_What you will do_: Dropping every picture, set down exactly the lines in the entries below, starting with the line with "Country Destination Page" and going on through the line with "Sudafrica, Lesotho e Swaziland.".

_Task material_:
┏━━
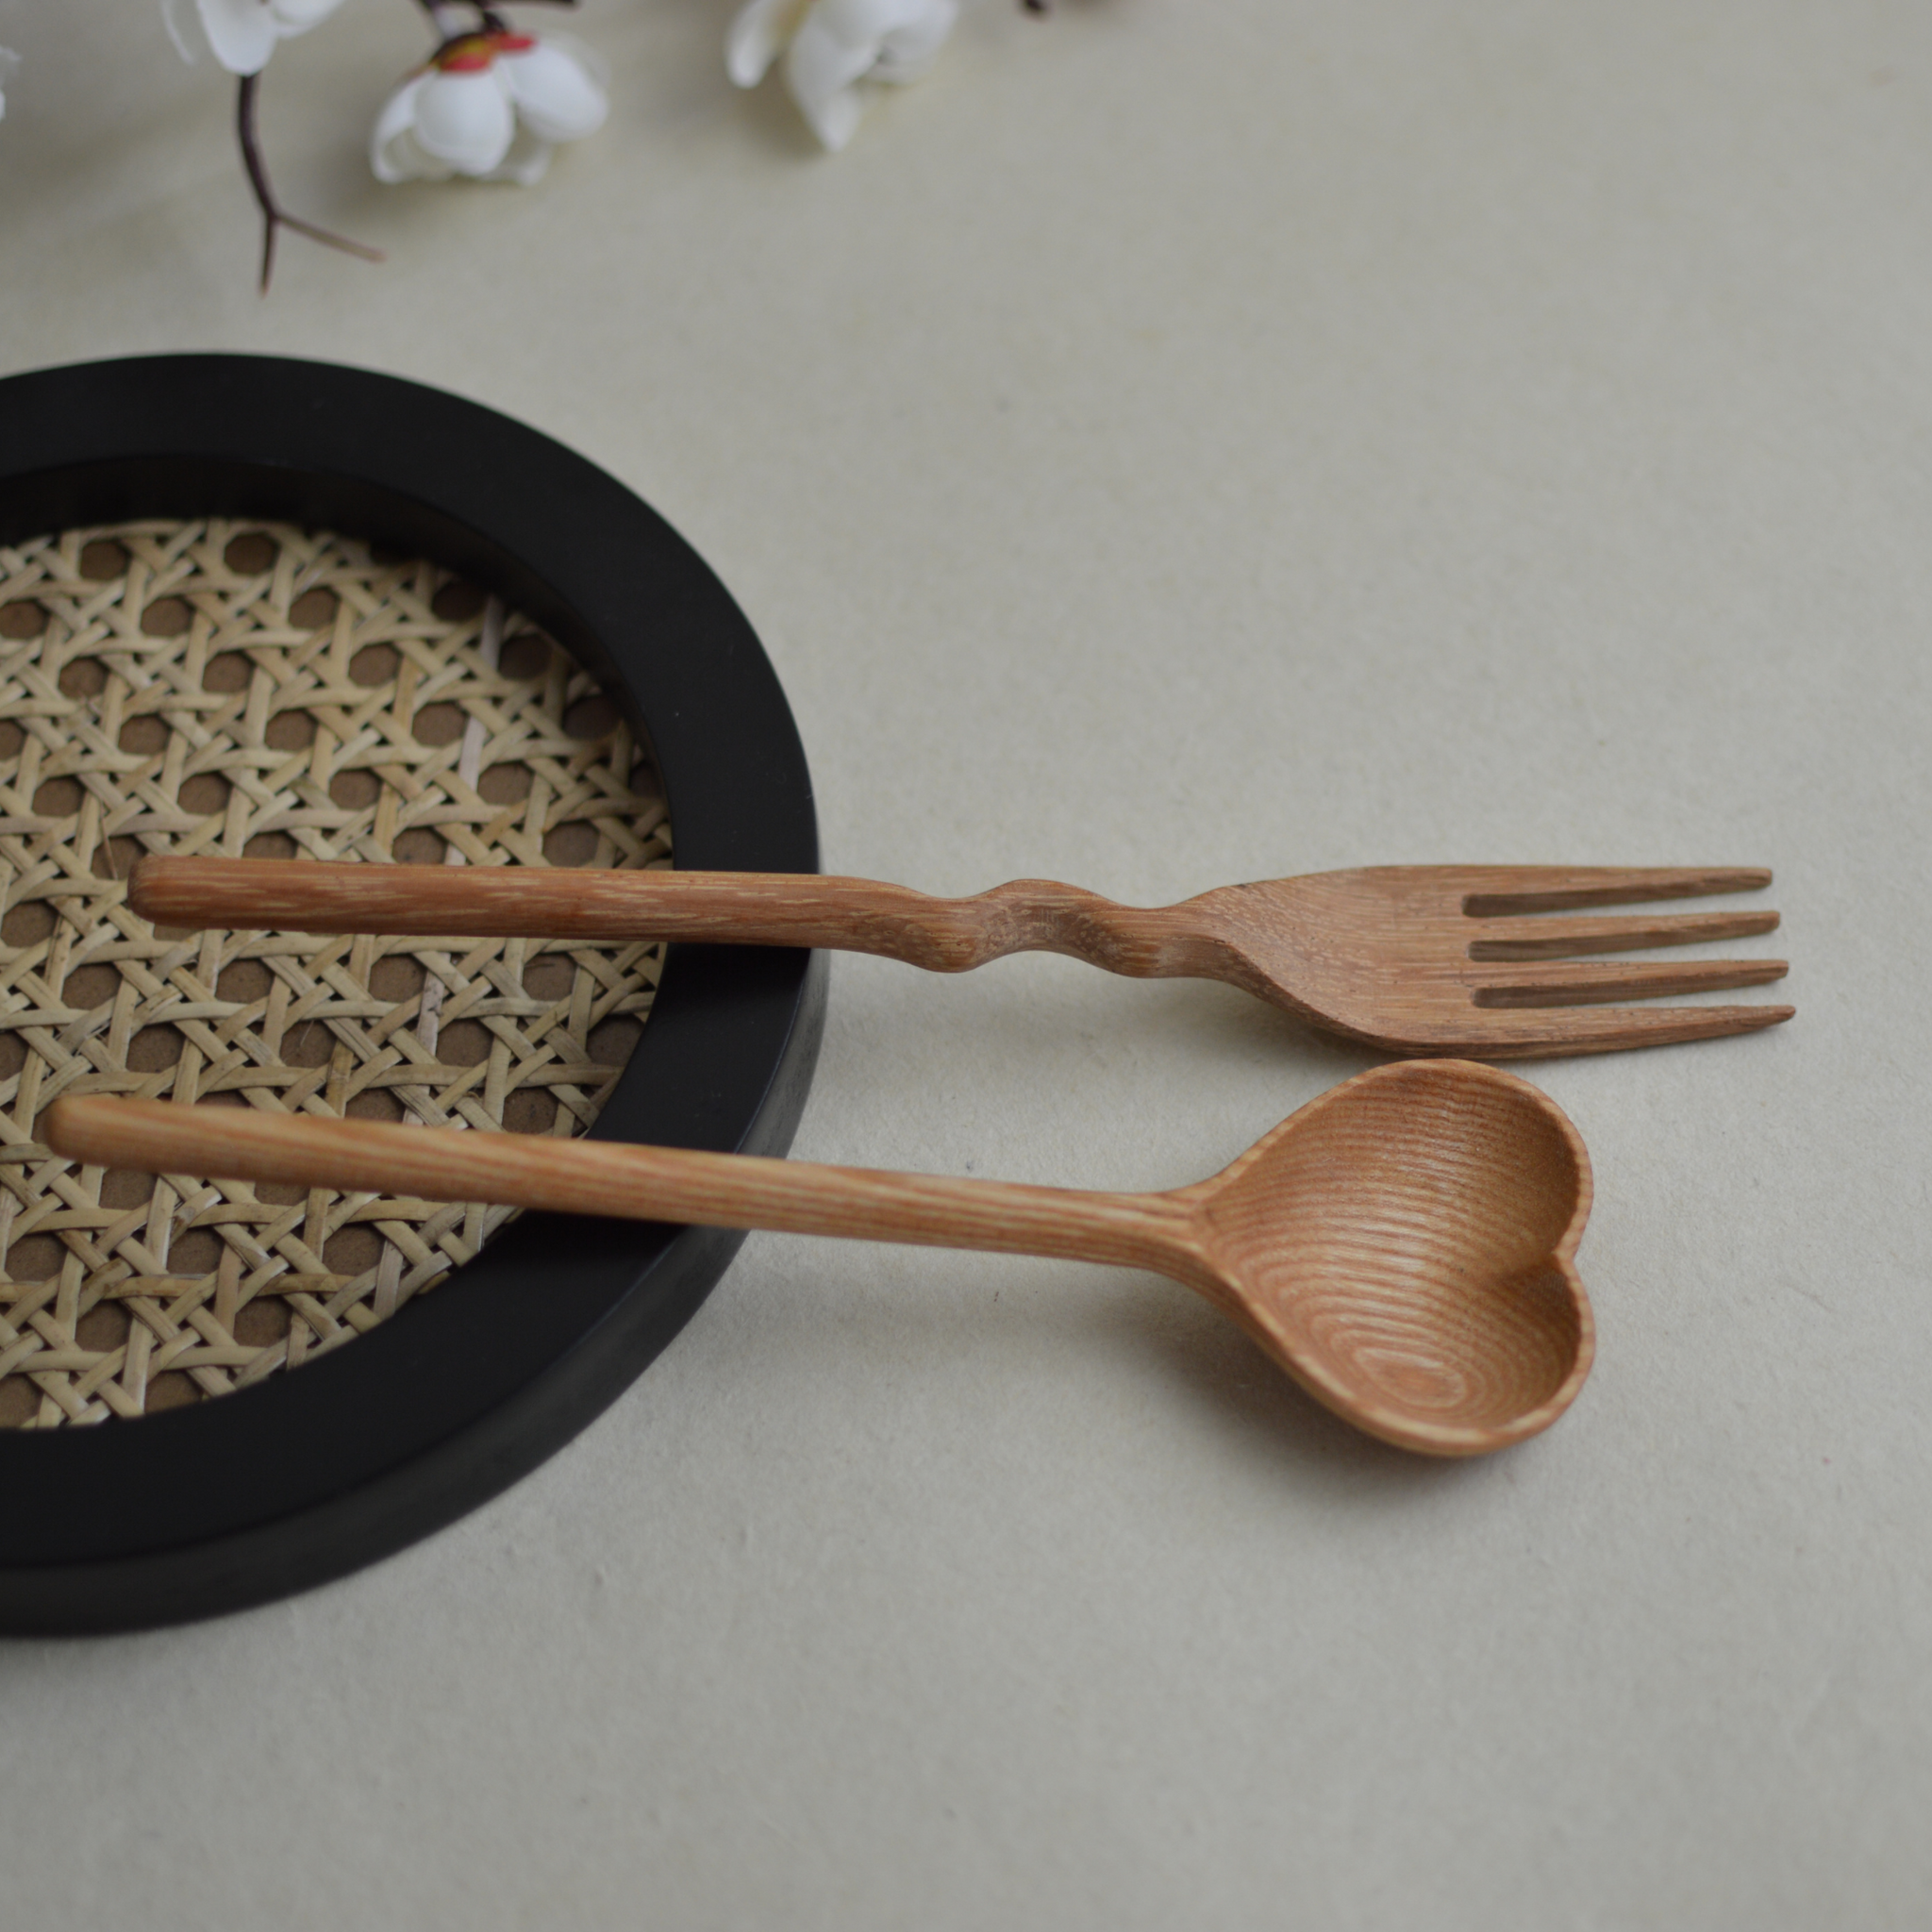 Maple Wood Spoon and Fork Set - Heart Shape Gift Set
┗━━
┏━━
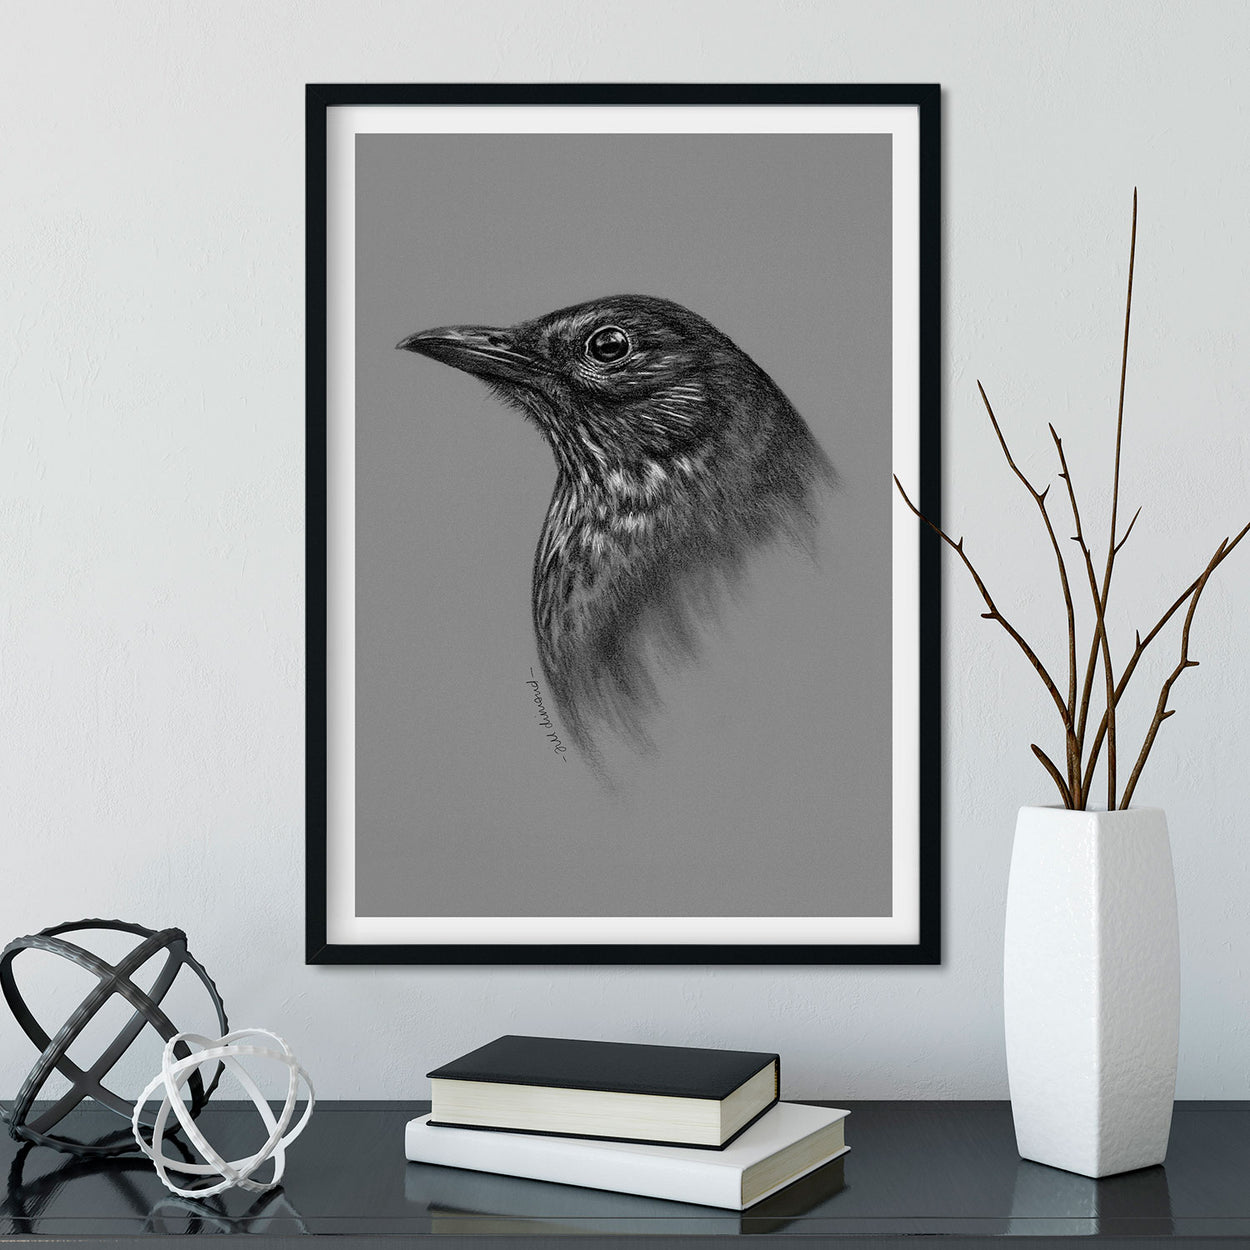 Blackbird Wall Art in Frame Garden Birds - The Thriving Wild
┗━━
┏━━
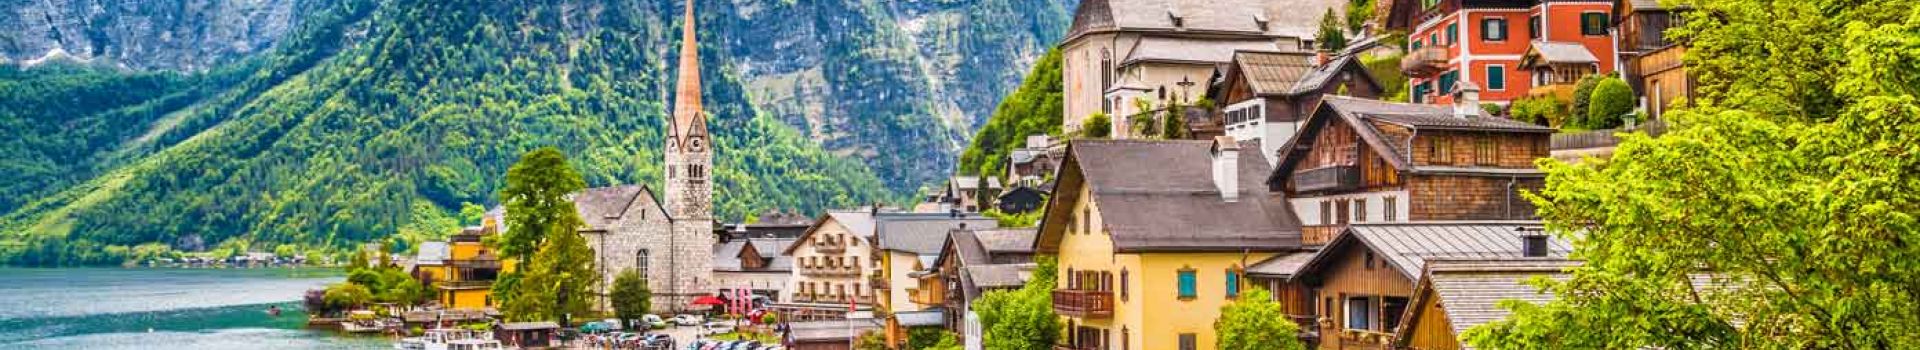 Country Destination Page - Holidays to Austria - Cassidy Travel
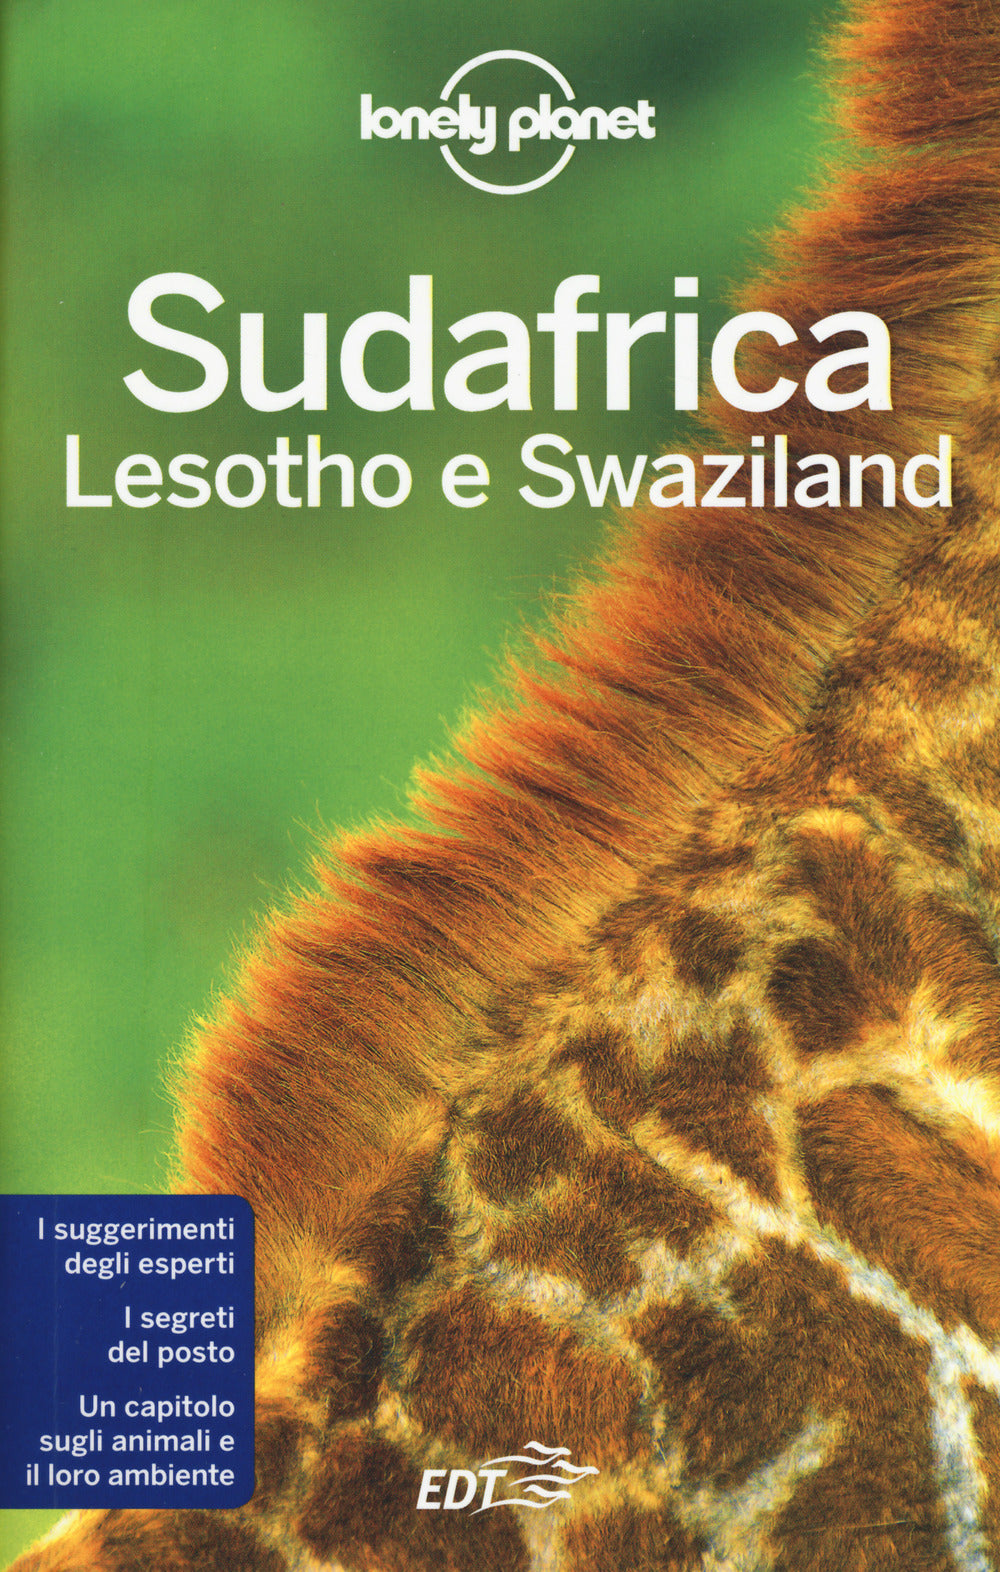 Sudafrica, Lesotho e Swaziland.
┗━━
_Solution for this problem_:
 Country Destination Page - Holidays to Austria - Cassidy Travel
 Sudafrica, Lesotho e Swaziland.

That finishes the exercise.